Auréolé du Fauve d’or de la meilleur bd pour Monica, Daniel Clowes gagne une nouvelle notoriété. Pourtant, il n’est pas un nouvel auteur aspirant à la gloire comme le prouve la nouvelle édition de Pussey!
Pussey vous révèle l’envers de la case
Alors que, dans les titres précédents, Daniel Clowes créait des personnages, Pussey! est un titre davantage autobiographique. On ne s’intéresse pourtant pas à l’enfance ou à la vie de couple de l’auteur mais à son travail par huit récits sur Dan Pussey. Cet alias permet à Clowes de raconter la vie d’un dessinateur de sa jeunesse à sa mort. Dan Pussey, alter ego antihéroïque de Daniel Clowes, est un dessinateur passionné de comics. Il est persuadé d’avoir le talent pour percer dans le milieu mais rien ne va se passer comme prévu.
Le premier chapitre voit Dan Pussey se former chez le professeur Infinity.
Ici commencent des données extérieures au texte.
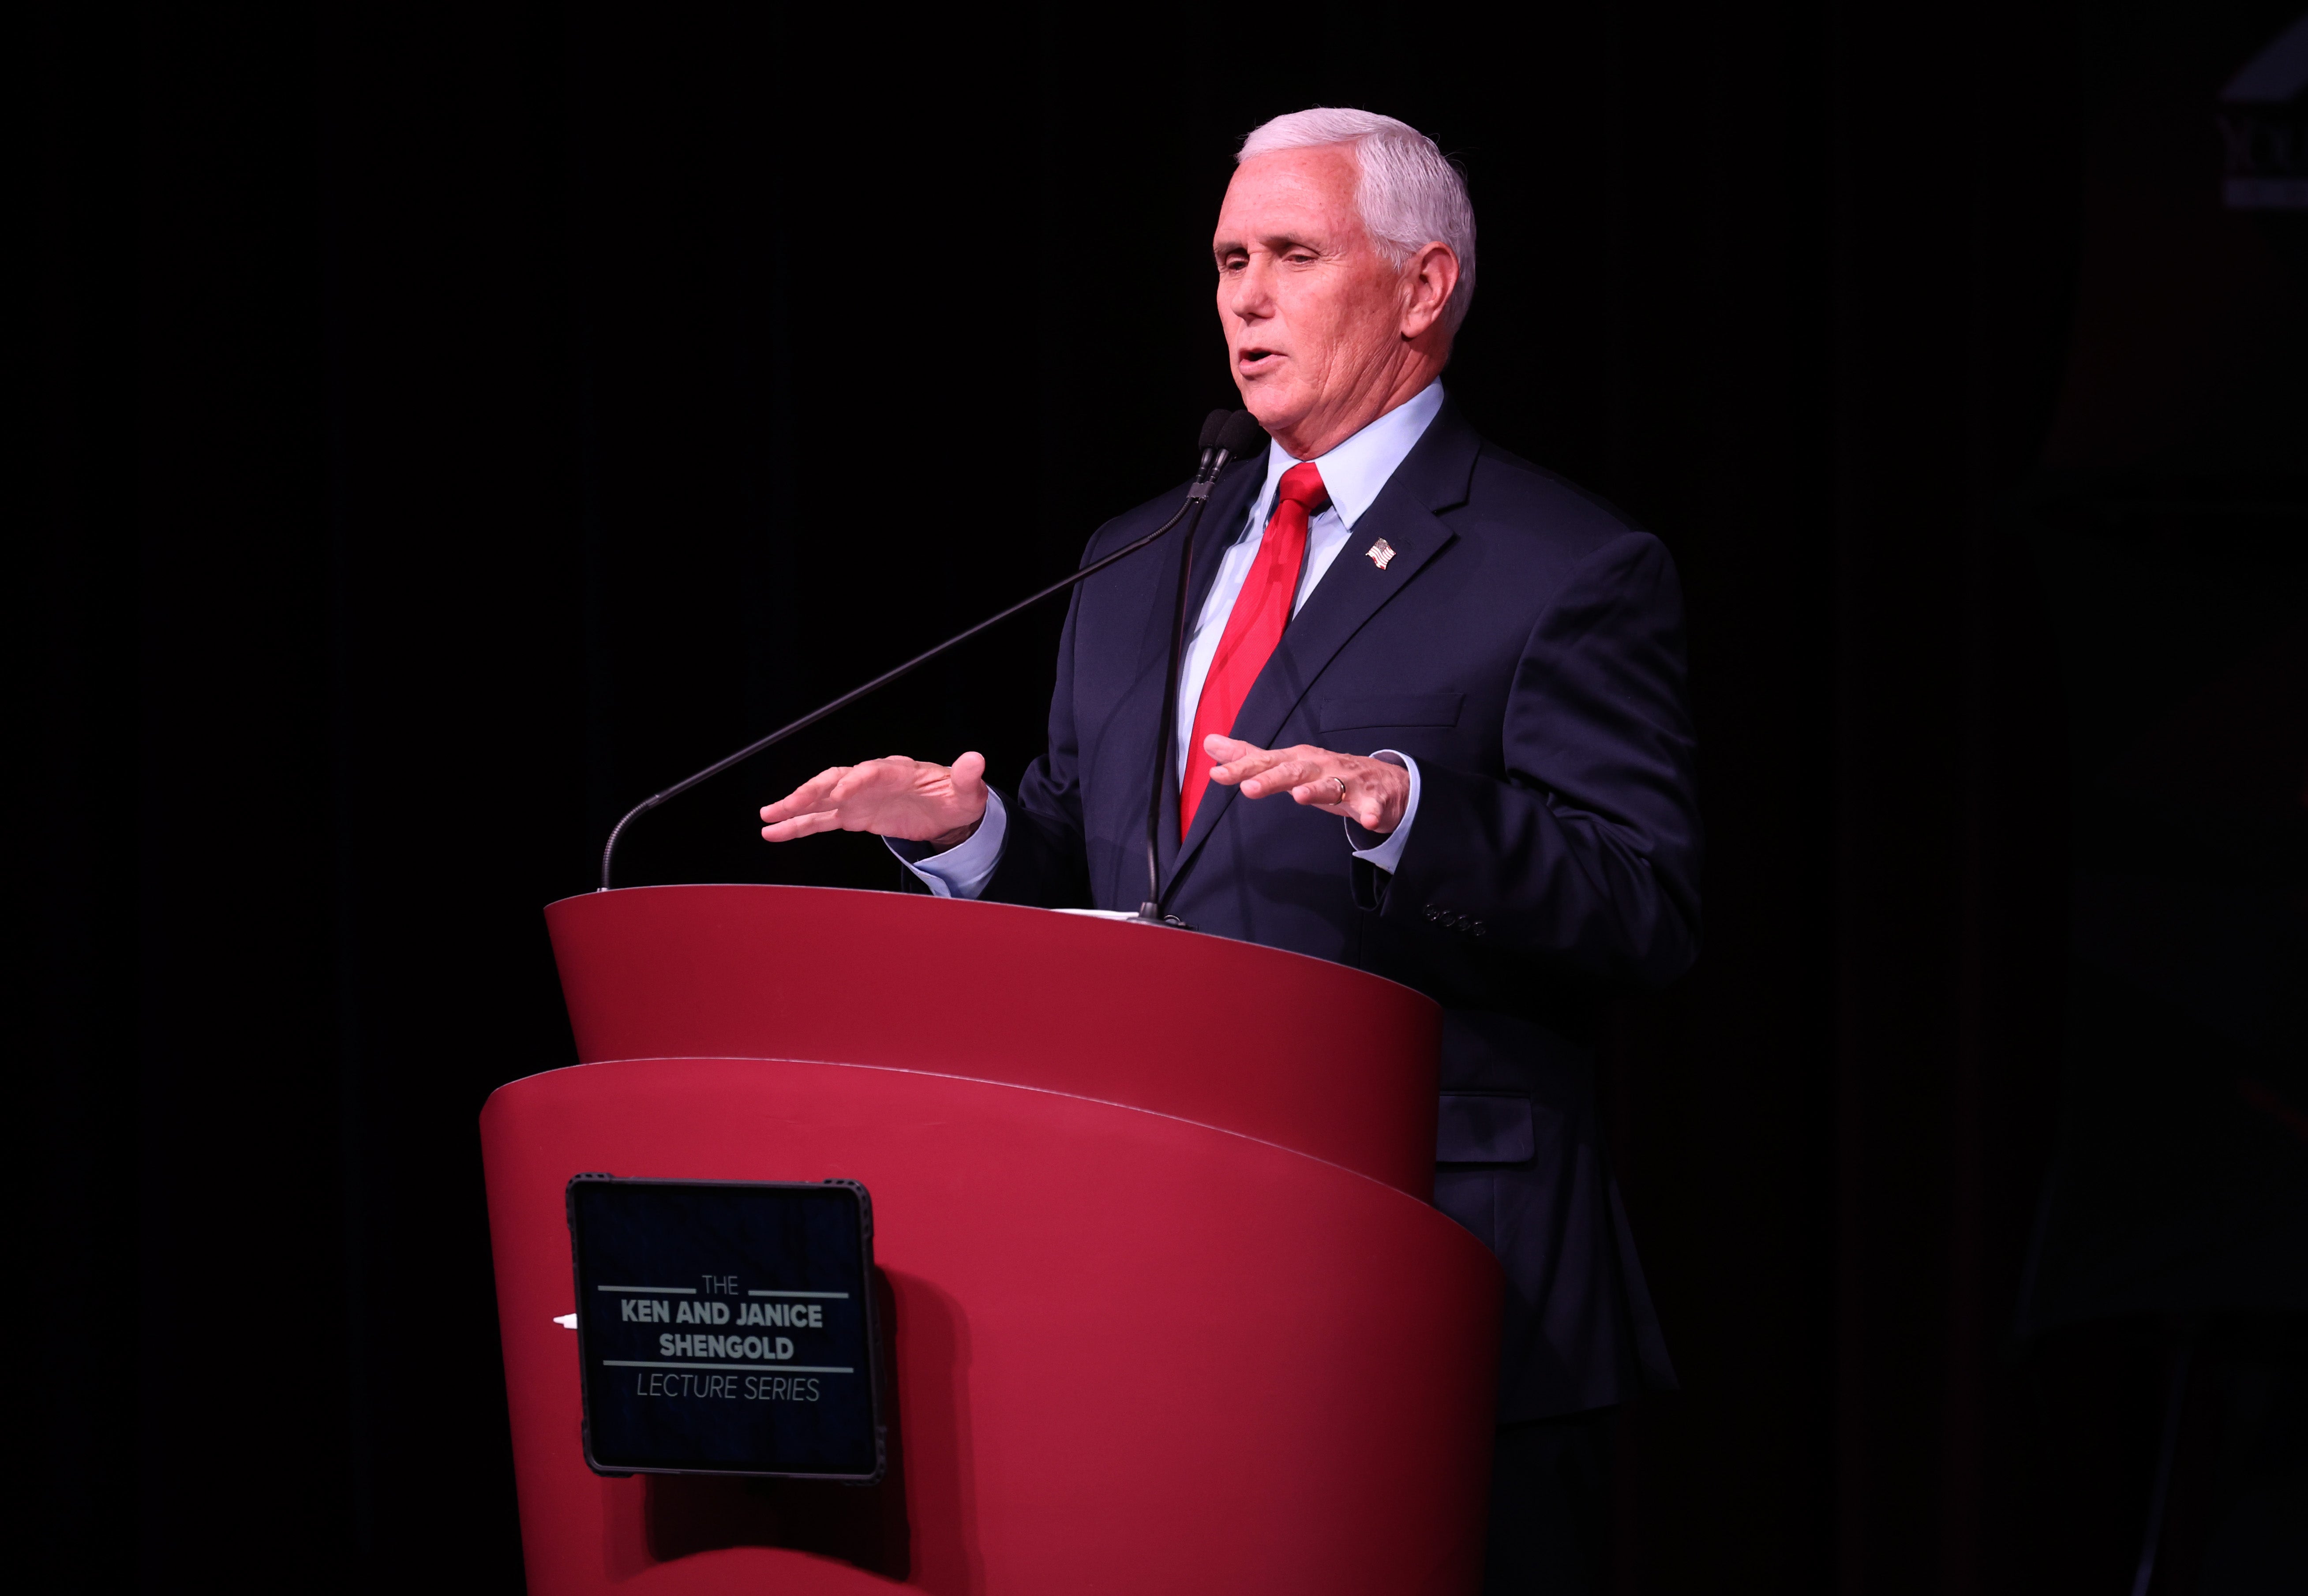 Former US vice president Mike Pence gives a lecture at Stanford University in California on 17 February 2022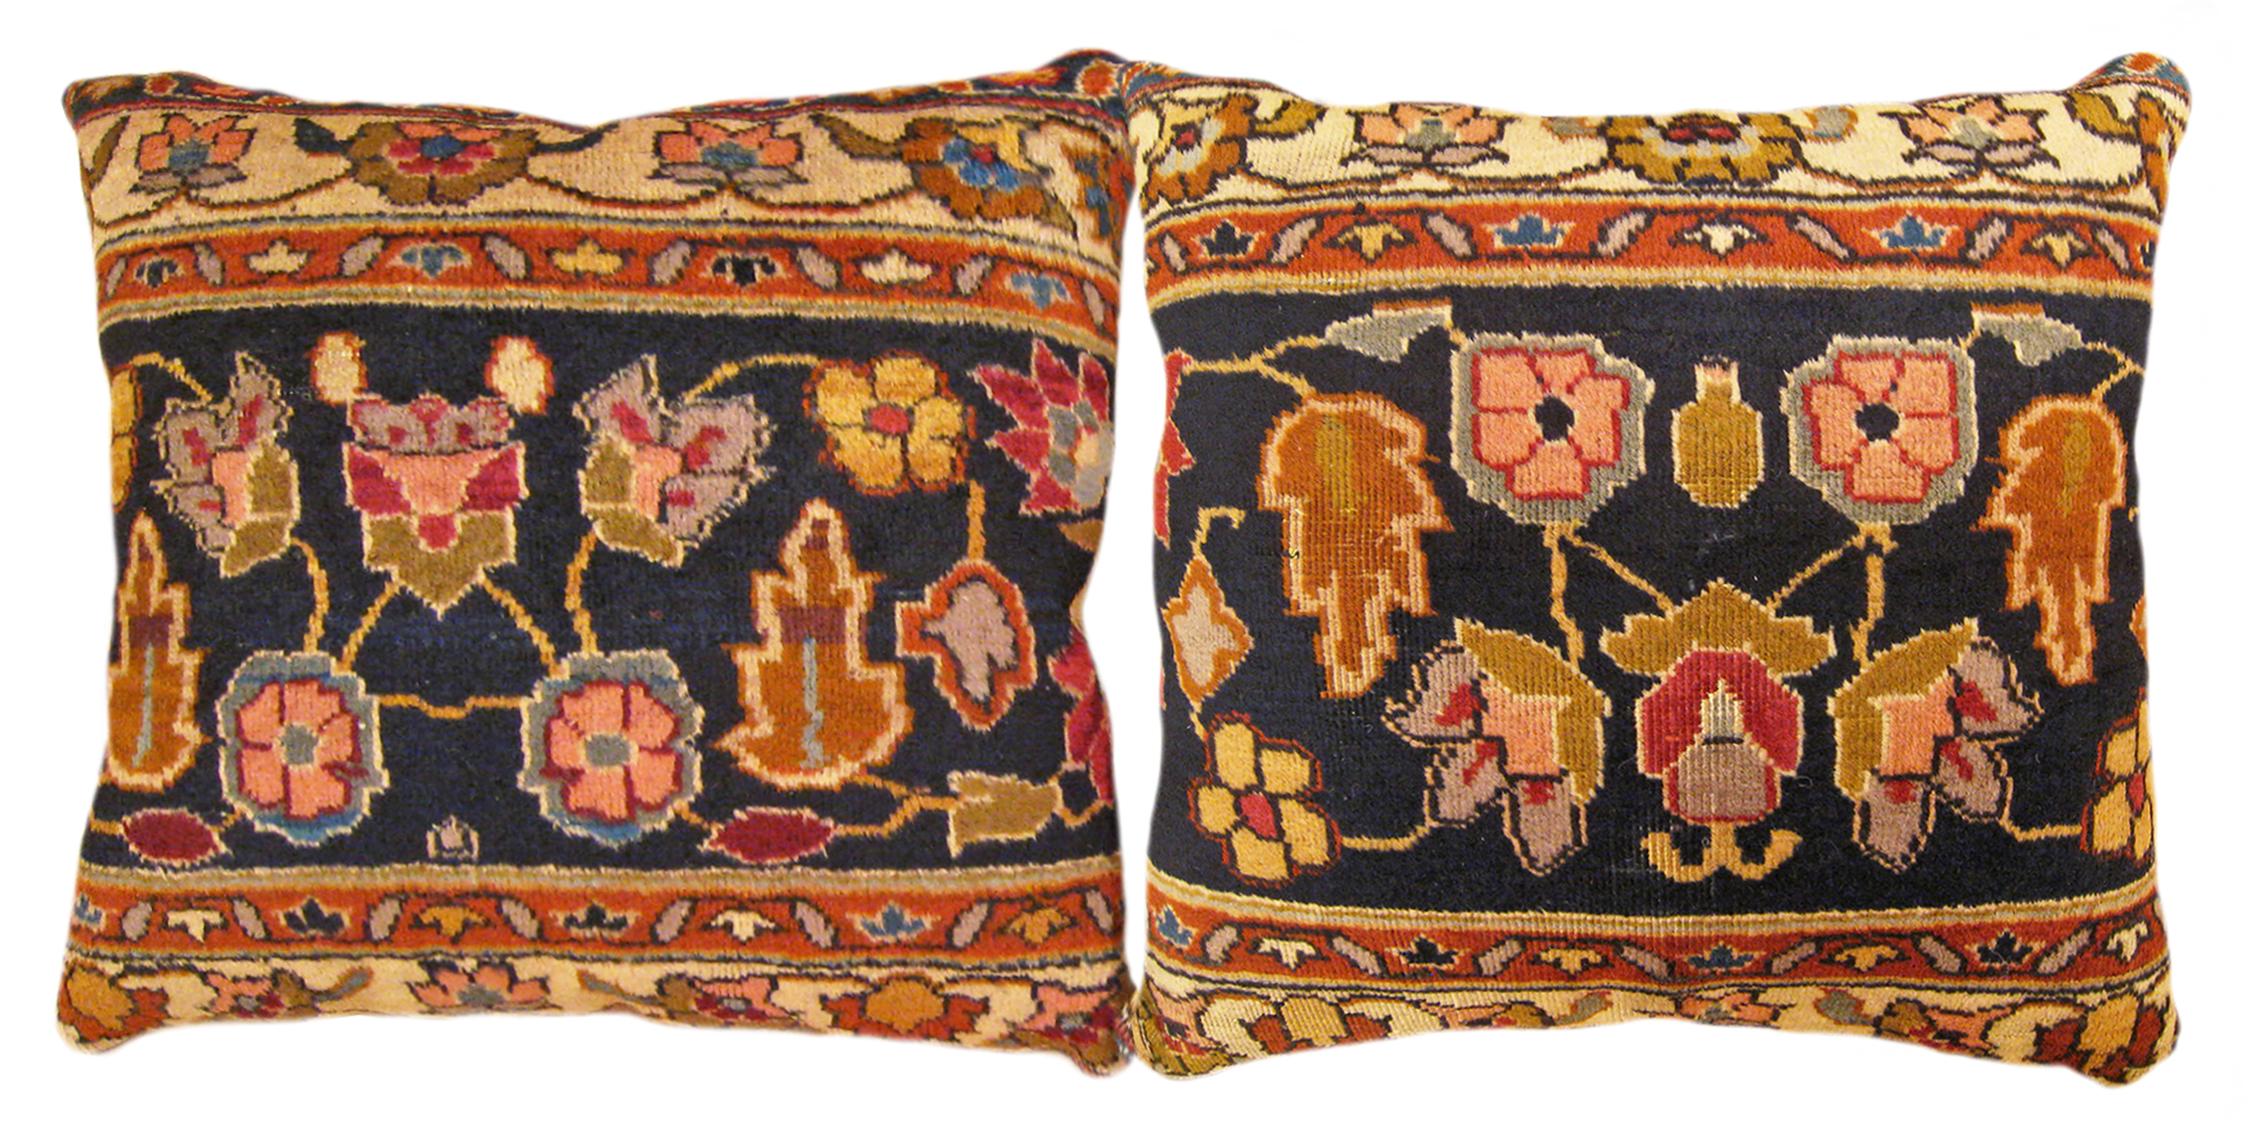 A pair of antique indian agra rug pillows ; size 1'5” x 1'5”

An antique decorative pillows with floral elements allover a blue central field, size  1'5” x 1'5”.  This lovely decorative pillow features an antique fabric of a Agra rug on front which

Par les élèves de cette école/maison d’édition, on voit les différents métiers de l’industrie et par son mentor on comprend les valeurs des comics. Cet éditeur exploite jusqu’à la mort ses employés, des adolescents naïfs et rêveurs éventuellement payés après la création des œuvres. Le professeur leur impose de dormir chez lui… et son plan marketing. Le secteur repose en effet sur la répétition des mêmes genres : la fantasy, la science-fiction et les super-héros. Beau parleur, l’éditeur d’Infinity raconte « les exploits de super-champions en découpage séquentiel » et n’hésite pas à le faire savoir par des conférences dans les universités. Si ce dernier utilise des formules complexes, son objectif sous-jacent est limpide : faire de l’argent.
Cependant, ce système fonctionne car Dan Pussey devient un dessinateur de renom. Clowes critique également l’ensemble de la filière au moment de l’explosion de popularité dans les années 90 par des dessinateurs stars puis par l’essor d’Image Comics et juste avant l’explosion de la bulle spéculative. La bd devient à la mode et des dessinateurs gagnent beaucoup d’argent. Pourtant, dans la réalité, Clowes ne survivait qu’en acceptant des tâches d’encreur.
Pussey, une biographie inversée
Dan se sent frustré d’être associé à un éditeur. Suivant des conseils d’un ami, il se lance dans l’écriture et découvre alors l’underground qu’il n’apprécie pas. Néanmoins, Dan pense pouvoir gagner plus d’argent par le roman graphique. Réalisant qu’il doit tout faire seul, il comprend vite ses limites. Par ce personnage, Clowes se moque de l’arrogance des auteurs et donc de la sienne. Si l’industrie est critiquée, les romans graphiques underground ne trouvent pas grâce aux yeux de Clowes. Personne n’est épargné. Les comicshops sont tenus par des passionnés certes mais totalement hermétiques aux nouveaux lecteurs et plus globalement aux clients. Le professeur Infinity n’oublie pas de corrompre les journalistes pour obtenir des chroniques élogieuses. Les lecteurs ou les journalistes amateurs en prennent également pour leur grade.
Le personnage de Dan Pussey permettait à Clowes de compenser par le second degrés ses débuts difficiles. L’auteur fait preuve, dans l’introduction, de beaucoup de recul sur ces épisodes en avouant qu’ils ont été écrits sous le coup de l’aigreur et la colère. Le fan intransigeant était à l’époque de ces épisodes un auteur prétentieux. Pourtant, le dessin reste toujours juste. Le style est âpre avec un strict noir et blanc. Les visages sont disgracieux et les décors très simples.
Le passionné comprend que Pussey! est un récit à clés: le Dr. Inifinity fait penser à Stan Lee tandis que Dan Pussey serait un des dessinateurs stars fondateurs d’Image. On croise les frères LaRosa créateur d’Affections et Torpilles qui sont en fait Jaime et Gilbert Hernandez de la série Love and Rockets.
Édité par Delcourt, Pussey! n’est sans doute pas l’album le plus aimable de Daniel Clowes mais c’est une très amusante plongée dans l’envers de l’industrie des comics. L’auteur porte un regard acide sur l’ensemble de la chaîne et sait également se critiquer lui-même.